Multiprocessor operating systems are also known as parallel OS or tightly coupled OS. Such operating systems have more than one processor in close communication that sharing the computer bus, the clock and sometimes memory and peripheral devices. It executes multiple jobs at the same time and makes the processing faster.

Multiprocessor systems have three main advantages:

Increased throughput: By increasing the number of processors, the system performs more work in less time. The speed-up ratio with N processors is less than N.

An economy of scale: Multiprocessor systems can save more money than multiple single-processor systems because they can share peripherals, mass storage, and power supplies

Increased reliability: If one processor fails to do its task, then each of the remaining processors must pick up a share of the work of the failed processor. The failure of one processor will not halt the system, only slow it down

   5.Distributed Operating Systems

  • In a distributed system, the different machines are connected to a network and each machine has its own processor and owns local memory.
  • In this system, the operating systems on all the machines work together to manage the collective network resource.
  • It can be classified into two categories:
  1. Client-Server systems
  2. Peer-to-Peer systems

Advantages of distributed systems:-

  • Resources Sharing
  • Computation speed up – load sharing
  • Reliability
  • Communications
  • Requires networking infrastructure.
  • Local area networks (LAN) or Wide area networks (WAN)
  1. Desktop Systems/Personal Computer Systems

  • The PC operating system is designed for maximizing user convenience and responsiveness. This system is neither multi-user nor multitasking.

These systems include PCs running Microsoft Windows and the Apple Macintosh. The MS-DOS operating system from Microsoft has been superseded by multiple flavors of Microsoft Windows and IBM has upgraded MS-DOS to the OS/2 multitasking system.

     7. Real-Time Operating Systems (RTOS)

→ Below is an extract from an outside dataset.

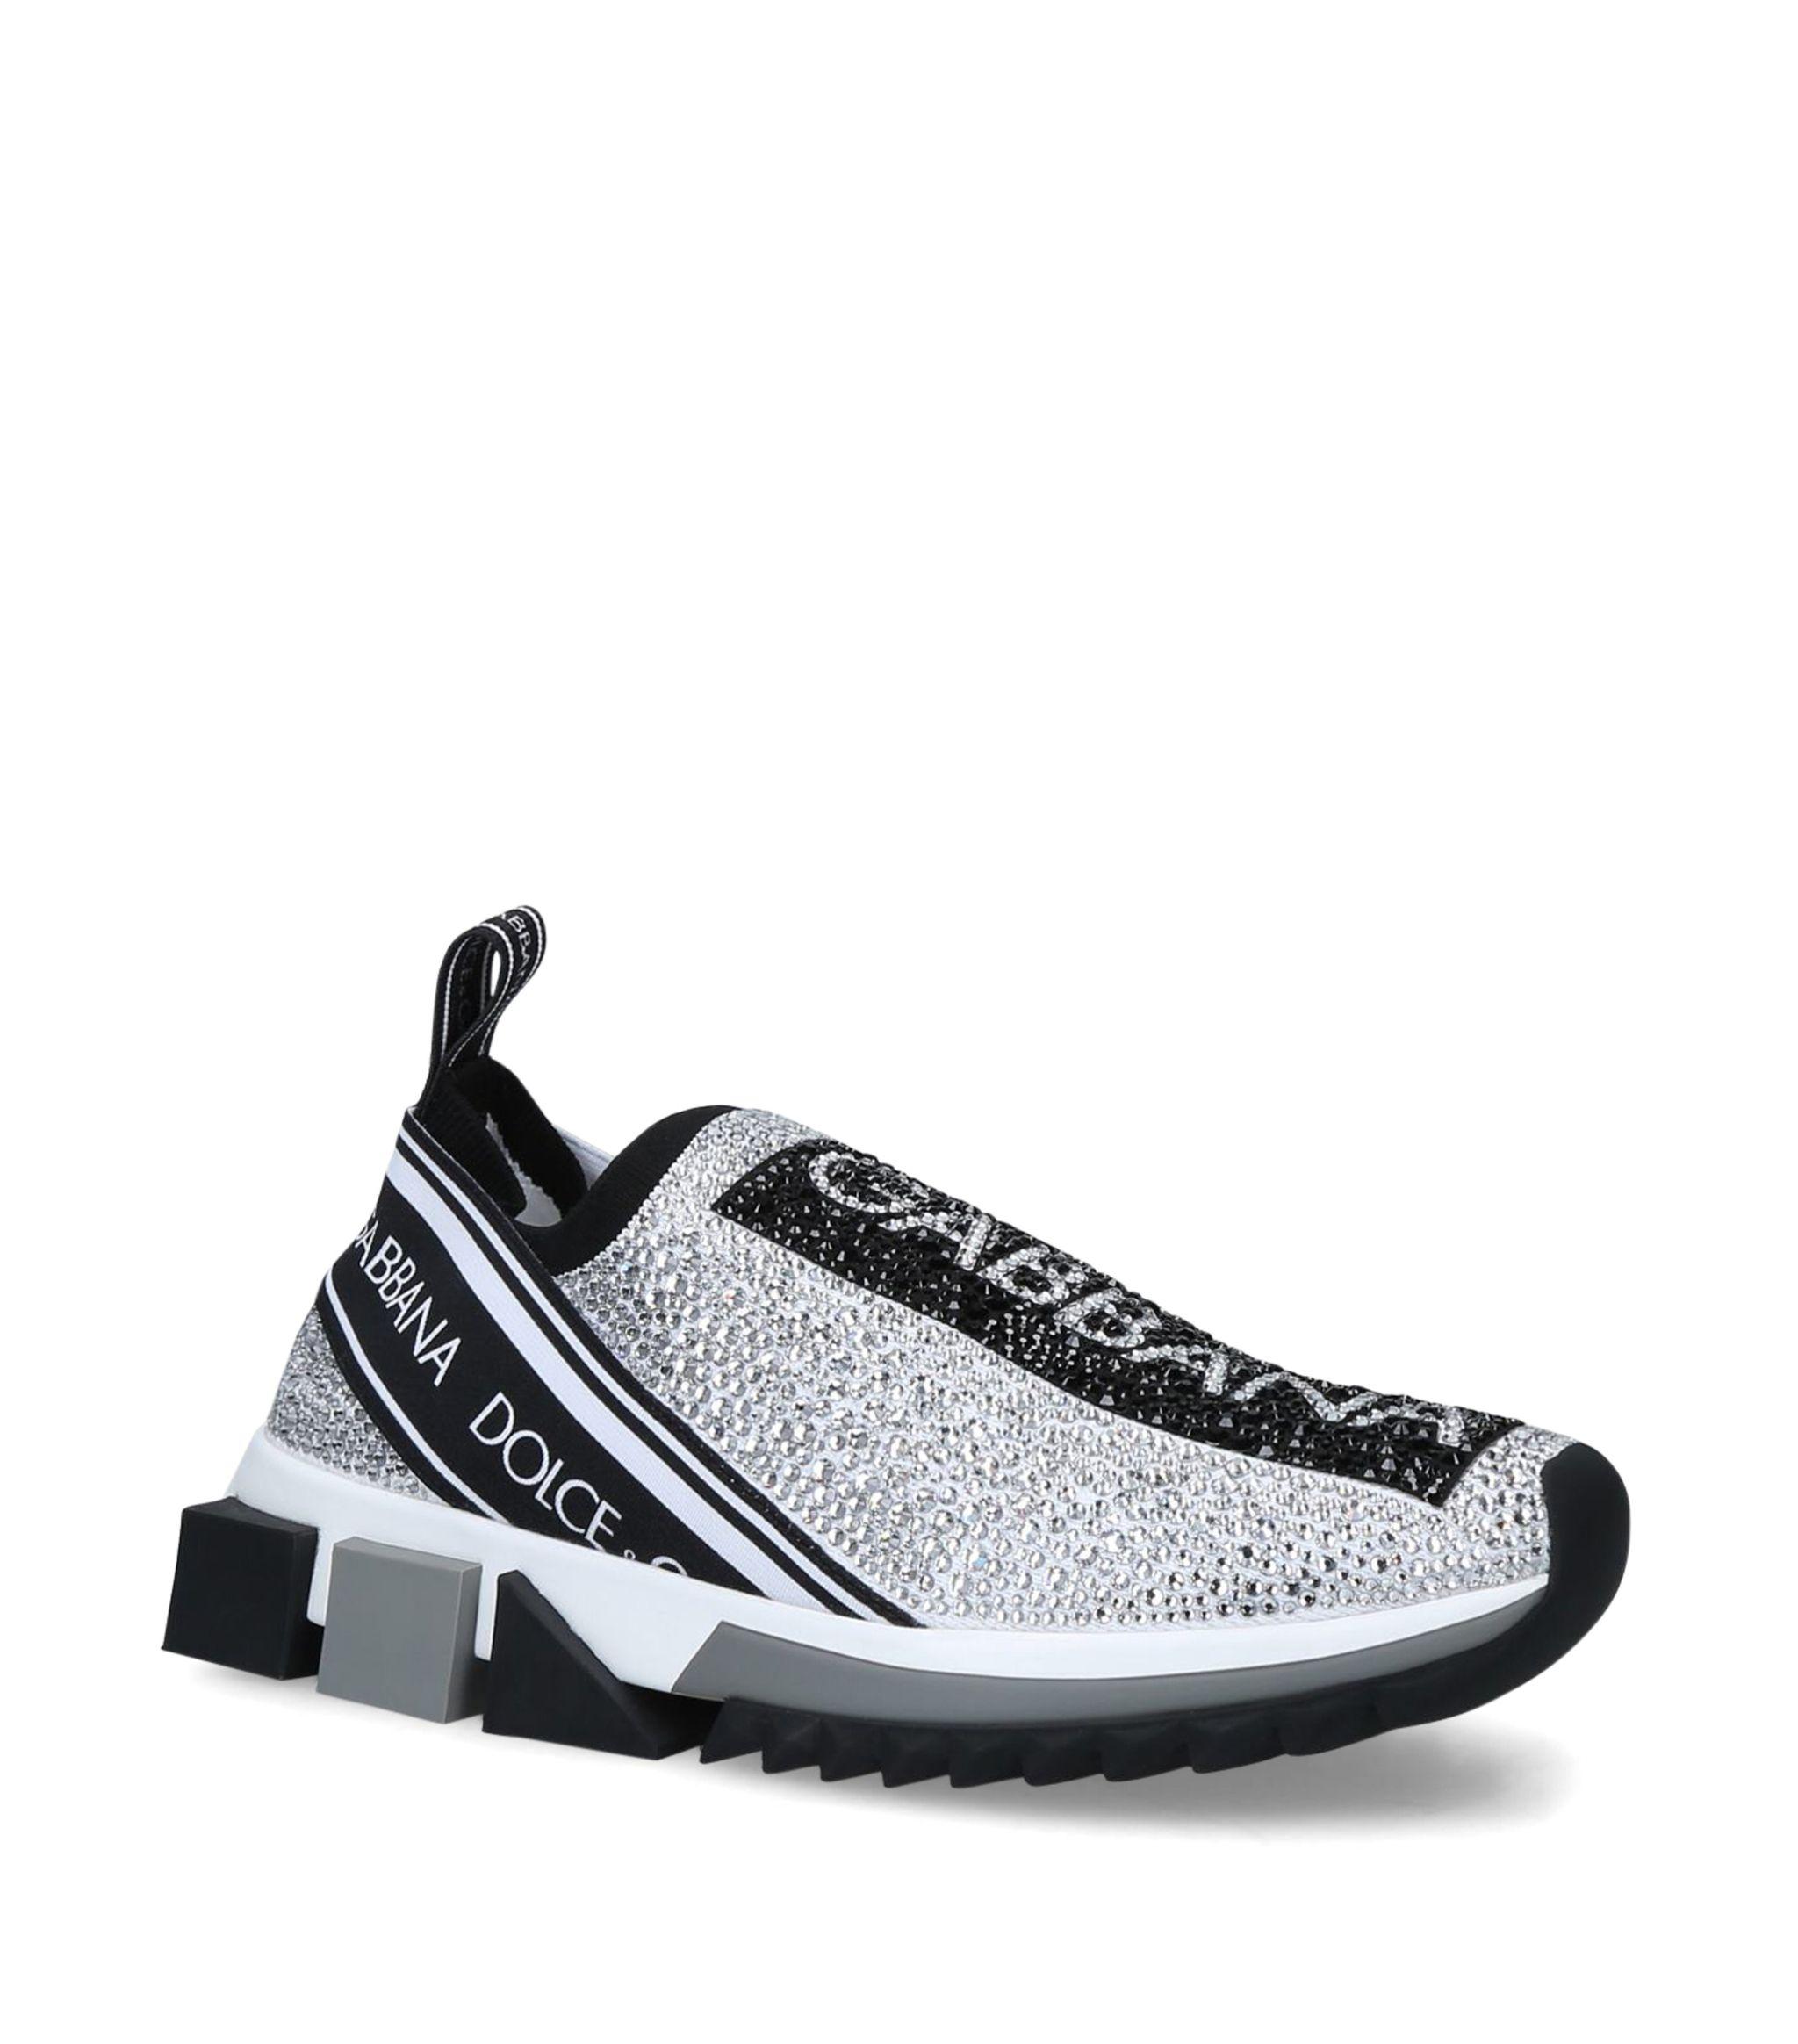 Sneaker Sorrento Sneakers Sorrento con cristalli termostrass male 39 Dolce & Gabbana Uomo Scarpe Sneakers Sneakers con glitter 
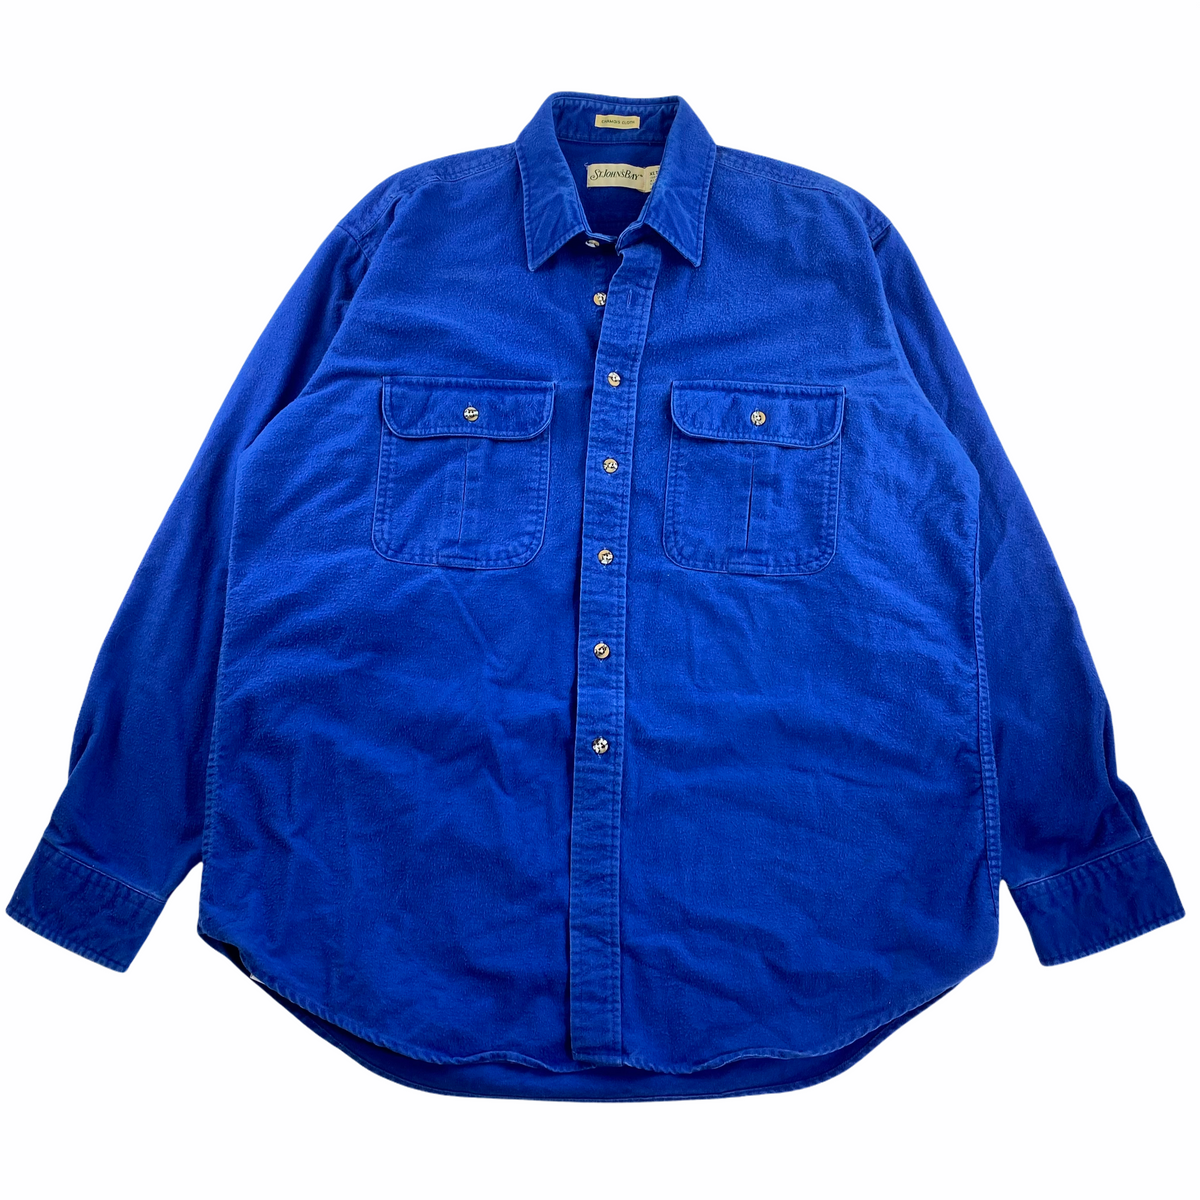 St. john's bay chamois shirt XLT – Vintage Sponsor

  • A real-time operating system (RTOS) is a multitasking operating system intended for applications with fixed deadlines (real-time computing). Such applications include some small embedded systems, automobile engine controllers, industrial robots, spacecraft, industrial control, and some large-scale computing systems.
  • The real-time operating system can be classified into two categories:-
  1. A hard real-time system guarantees that critical tasks be completed on time. This goal requires that all delays in the system be bounded, from the retrieval of stored data to the time that it takes the operating system to finish any request made of it. Such time constraints dictate the facilities that are available in hard real-time systems.
  2. A soft real-time system is a less restrictive type of real-time system. Here, a critical real-time task gets priority over other tasks and retains that priority until it completes. The soft real-time system can be mixed with other types of systems. Due to less restriction, they are risky to use for industrial control and robotics.